EXERCISE DATA -
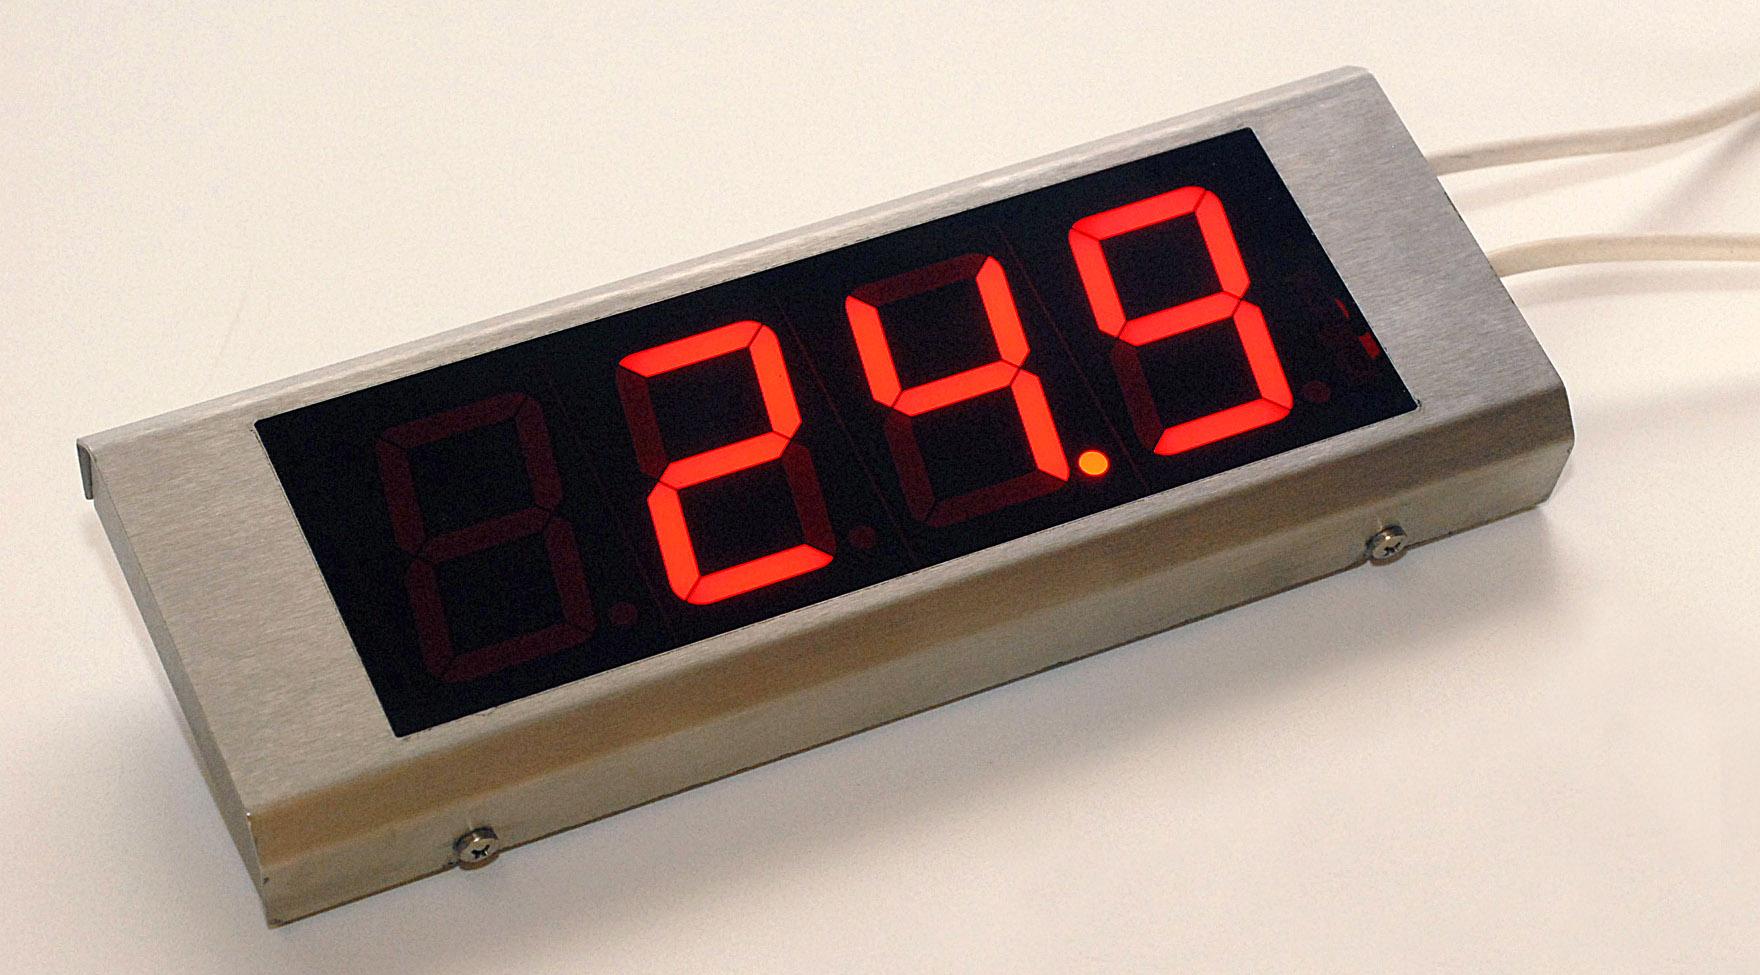 d005-termometr-cyfrowy-typ-dit-157-b-001
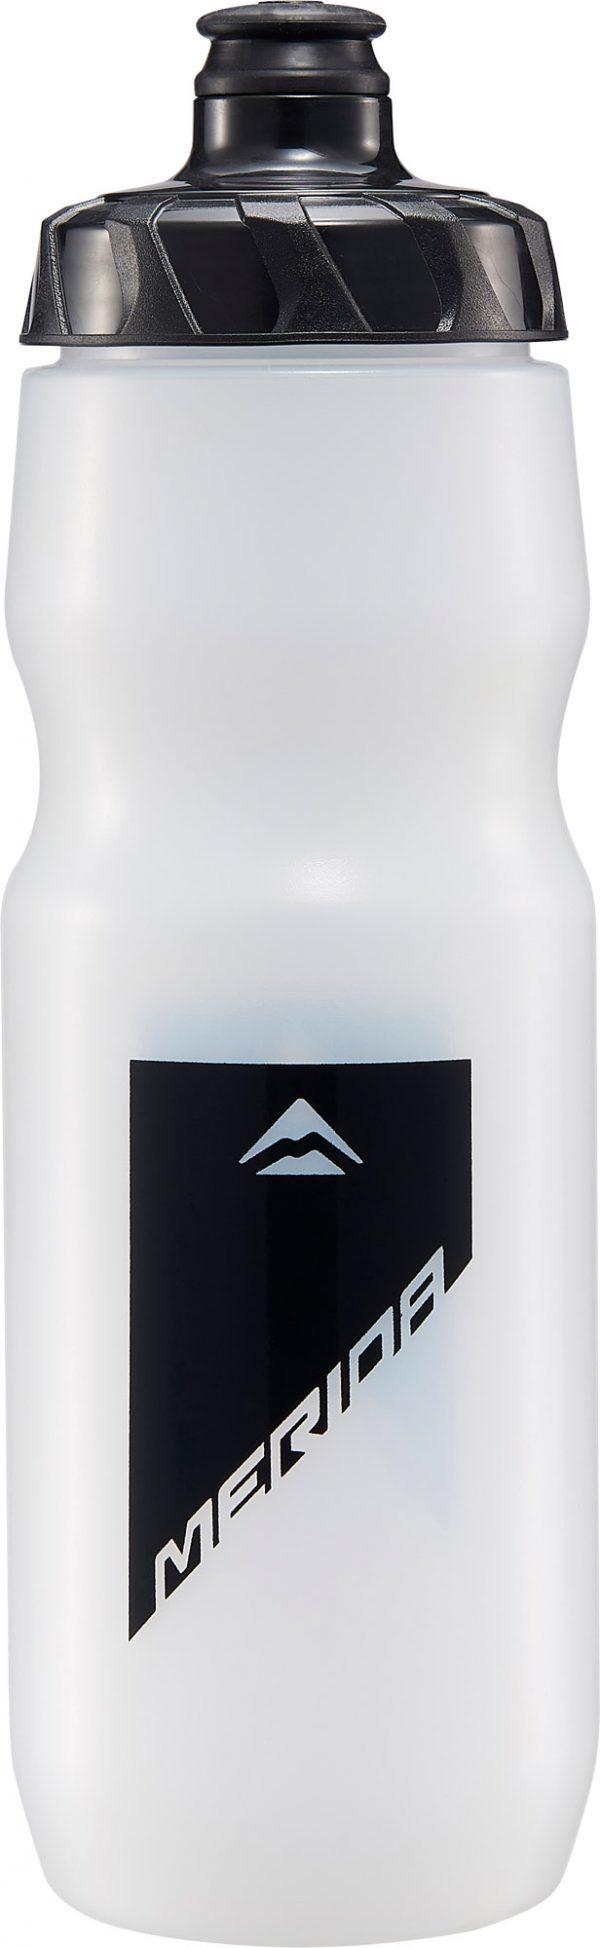 Фляга Merida Bottle/Transparent Black 800 мл
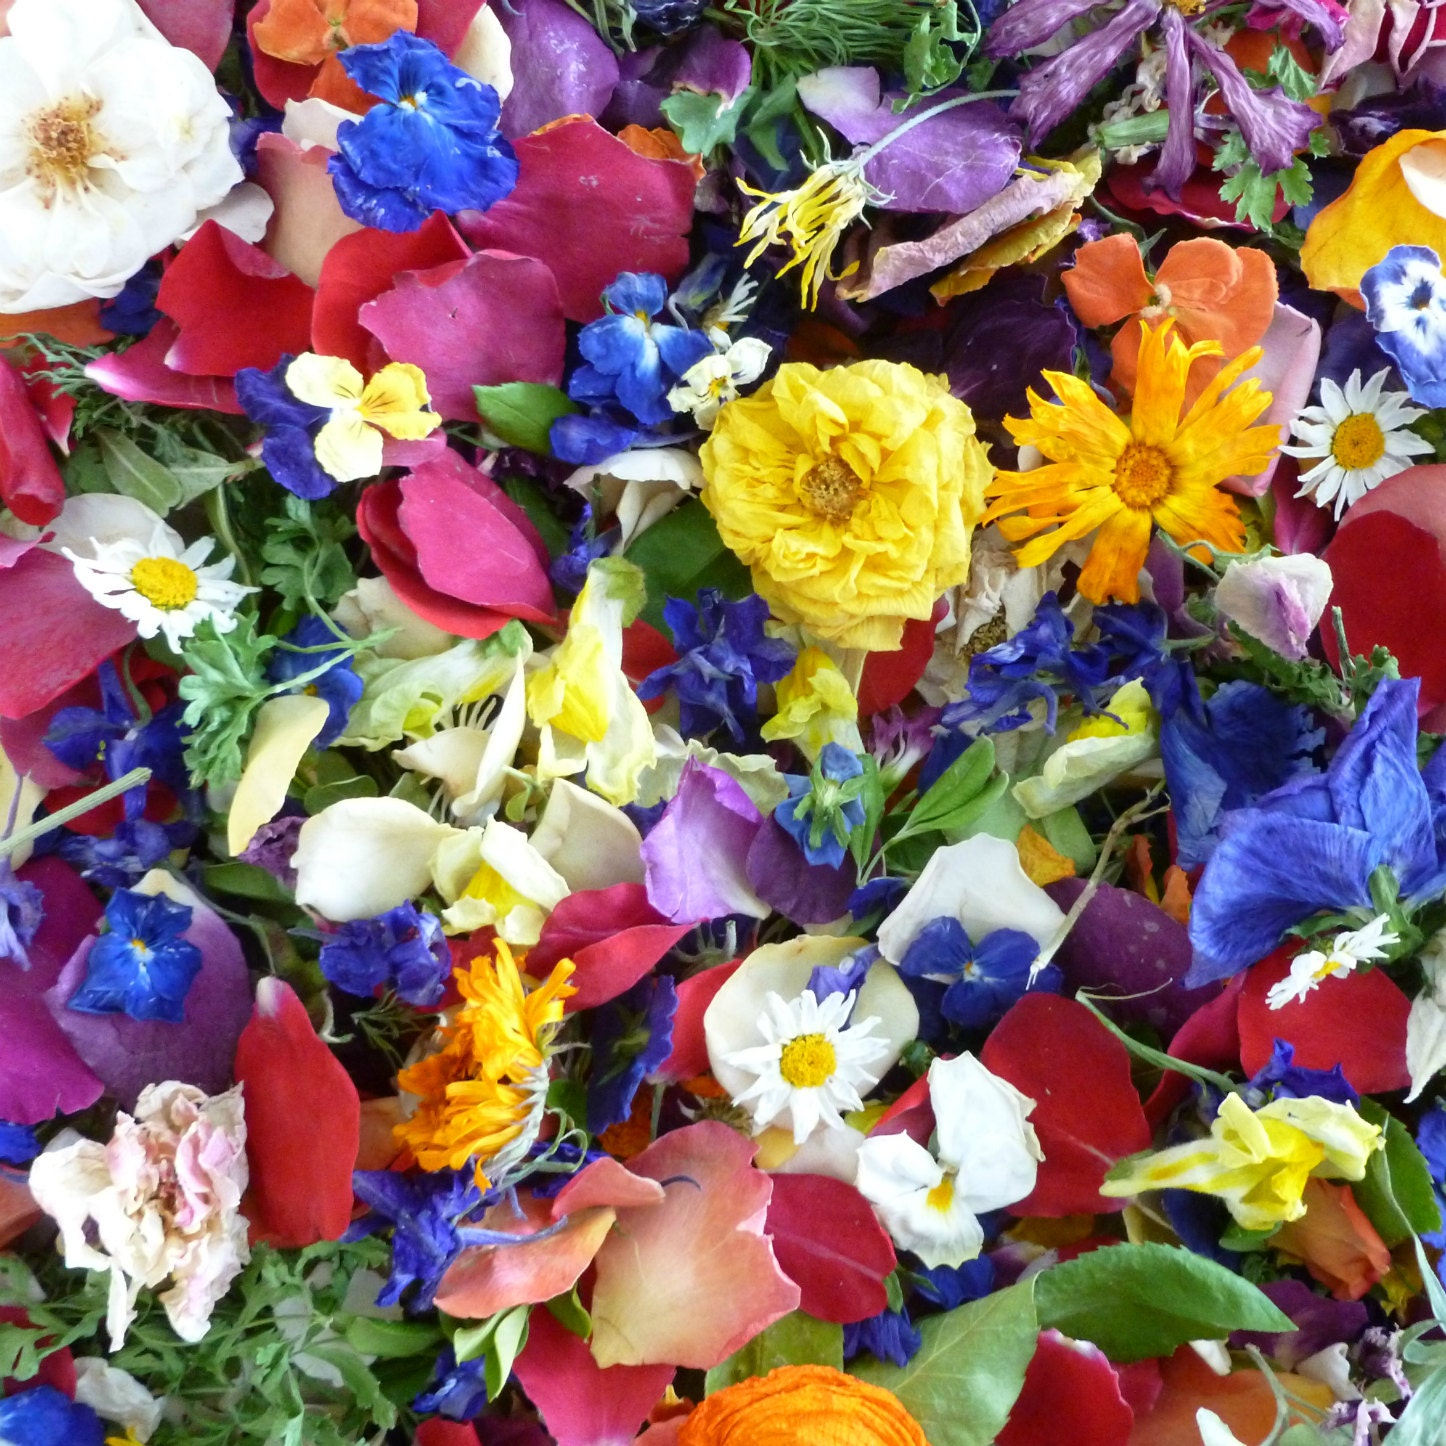 Wedding confetti dried flowers craft supplies wedding for Dried flowers craft supplies

TASK BRIEF -
This task calls for an exact copy of the data above, without pictures.

YOUR RESPONSE -
 d005-termometr-cyfrowy-typ-dit-157-b-001
 Фляга Merida Bottle/Transparent Black 800 мл
 Wedding confetti dried flowers craft supplies wedding for Dried flowers craft supplies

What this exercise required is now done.